State-run Philippine National Oil Company (PNOC) has firmly stipulated in a motion for reconsideration filed with the Supreme Court that the exclusion of land assets from the Petron Corporation shares sale is not just a legal and Constitutional nuance but a safeguard of sovereign assets, shielding national interests from the transactional tide which was first sealed with foreign buyer Saudi Aramco in 1994, then in the eventual divestment of the oil firm to San Miguel group.
The company contended that the “fair price” of P23 billion, as cited in the Supreme Court en banc resolution on Nov. 25, 2024 solely covered the oil firm's shares, arguing further that if the valuation had accounted for the landholdings, the true figure for Petron's privatization would have soared to a commanding P100 billion.
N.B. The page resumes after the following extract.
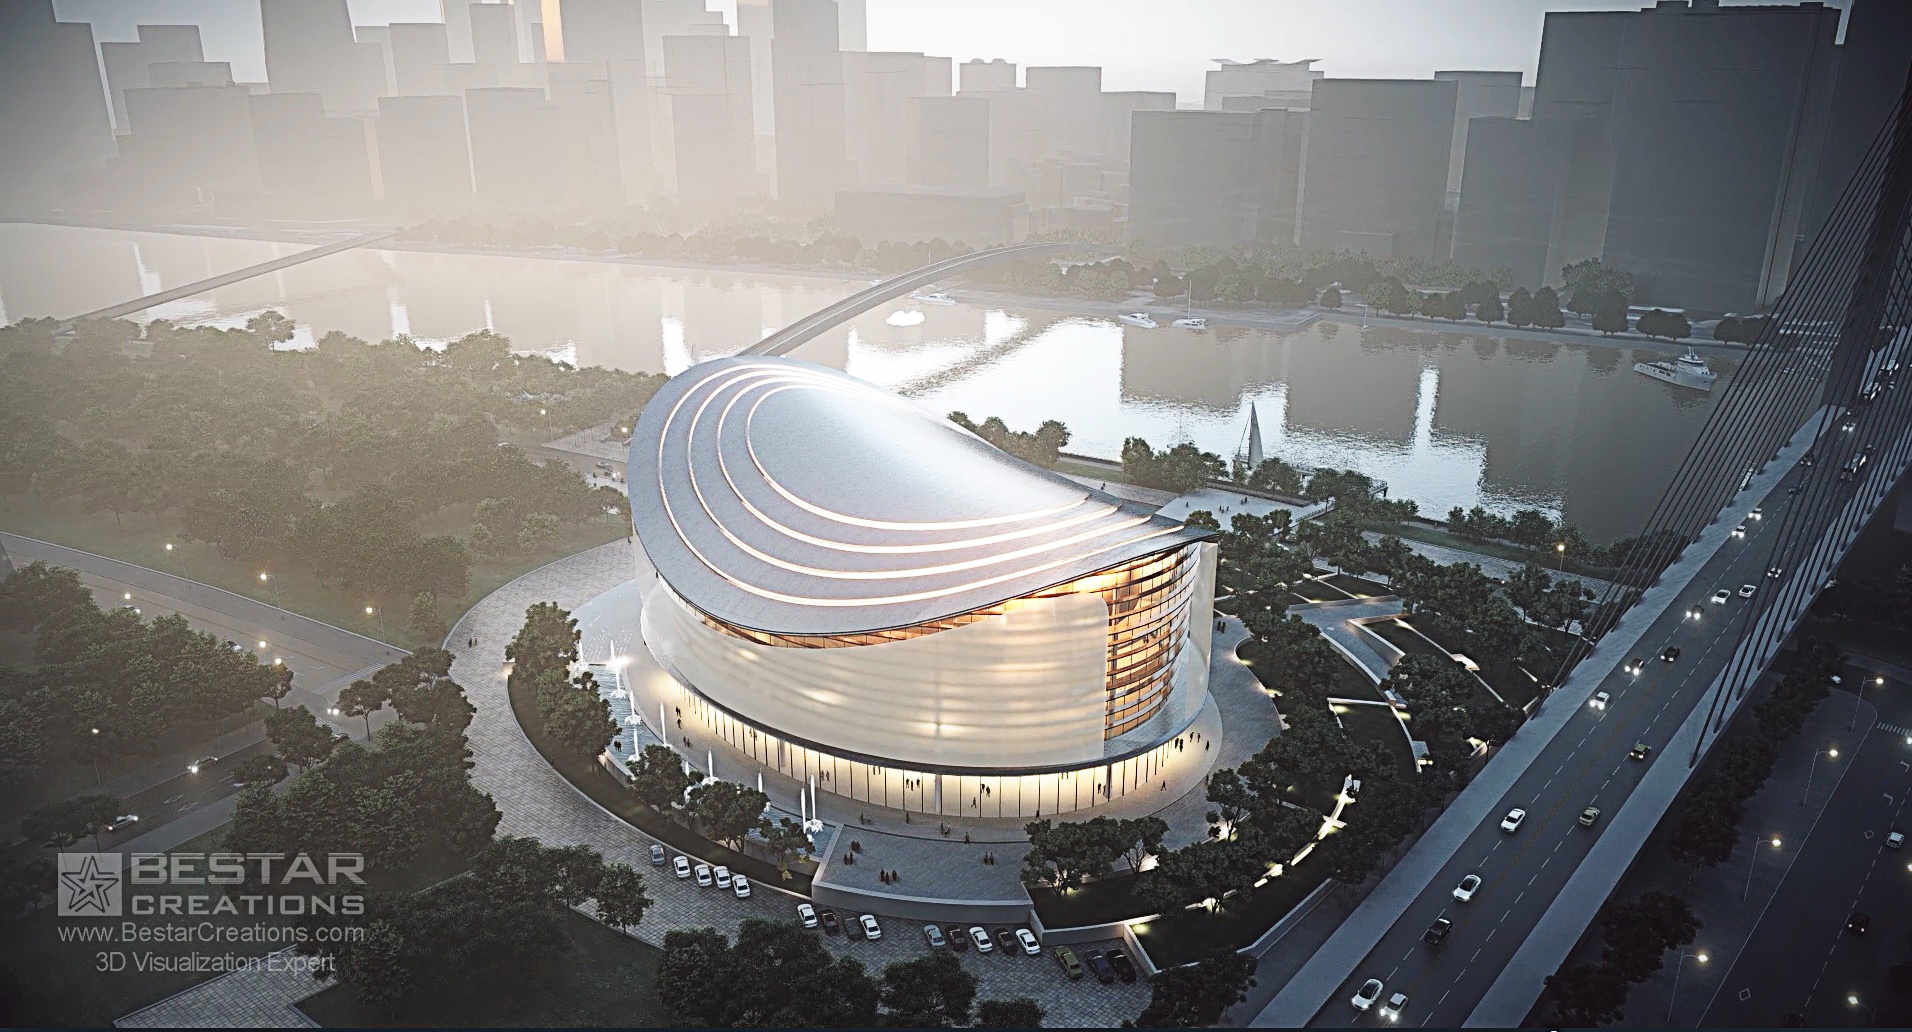 BestarCreations completed the Saigo Opera House project in Vietnam

“The fair price was fair because the government sold Petron shares in 1994, excluding the parcels of land, which the government through PNOC, retained. This explains why the market currently values Petron at P23 billion, less than one-fourth of the over P100 billion value of the parcels of land – based on 2019, appraised values plus market adjustments,” the government-owned firm stressed.
Petron clinched pivotal victories in the courts, including in the SC en banc resolution, securing its claim to the oil firm's land assets as part of its acquisition 16 years ago, a win now fiercely contested by the government.
In its second motion to the Supreme Court filed this week, PNOC as represented by the Office of the Government Corporation Counsel (OGCC), prayed for a denial of the November 25, 2024 SC en banc resolution, while also asking the high court to ‘give due course’ to other earlier rulings; primarily pushing for a reversal of the December 13, 2021 Court of Appeals (CA) decision that mandated Mandaluyong RTC Branch 278 “to proceed with the trial of the case a quo on the merits."
PNOC emphasized that the CA ruling, which was later reinforced in the SC resolution, effectively overturned the original privatization terms of Petron, enabling the transfer of public assets worth over P100 billion, even if these land assets were explicitly excluded from the privatization agreement.
The state-run firm reiterated that “in the 1994 Petron privatization, the government bid out shares of stock in Petron as a company without ownership of the parcels of land that Petron had previously conveyed to PNOC as property dividends.”
It expounded that the government’s move to transfer the real estate properties owned by Petron to its parent company PNOC, a government-owned and controlled corporation (GOCC), by way of property dividends, was intended to remove Constitutional restriction to prospective bidders – including foreign companies - in Petron’s privatization; while at the same time providing Petron a lease over the properties so that whoever would be the buyer of Petron Corporation, would still be able to continue operations using those properties.
PNOC qualified that excluding land assets in Petron’s 1994 privatization was a deliberate strategy to attract foreign bidders, as their inclusion would have barred any foreign entity from securing 100 percent ownership of the oil company.
“The execution of the CA decision could result in one of the largest inequitable losses to the government and the Filipino people for private gain. This is so because the CA decision would change the Petron that was privatized in 1994 from a company that did not own any land (at P23 billion value) to a company that owns the parcels of land (at roughly P100 billion value),” the company highlighted.
PNOC underscored that the appellate ruling effectively overturned the original privatization terms of Petron, enabling the transfer of public assets worth over P100 billion, even if these are explicitly excluded from the privatization agreement; arguing that the same terms shall be applied even in the eventual sale of the Petron shares to the succeeding entity.
Three decades after Petron’s privatization via share sales to Saudi Aramco, new round of divestment had been carried out in 2009, ultimately transferring control of the oil giant to San Miguel Corporation.
“The government partially sold Petron in 1994 as a company with zero land assets. As this Honorable Court (en banc) found, Petron declared the parcels of lands as ‘property dividends’ before any sale by the government of Petron shares was effected and the purchase price paid to the government was fair because the sale was of Petron, excluding the parcels of land,” PNOC noted.
Citing jurisprudence on the Bagatsing versus Committee on Privatization et al case, PNOC restated that “the Supreme Court en banc found as fair the price paid to the Philippine government by the winning bidder for the 1994 privatization on the basic premise that government sold Petron, excluding the parcels of land, the ownership of which was retained by the government,” adding that “the CA decision would obliterate that premise.”
It added that “as a result of the CA decision, the basic terms of the publicly bidded contract for the 1994 Petron privatization would materially change,” specifying that “the object of the contract would be changed from Petron excluding the parcels of land, to Petron plus the parcels of land.”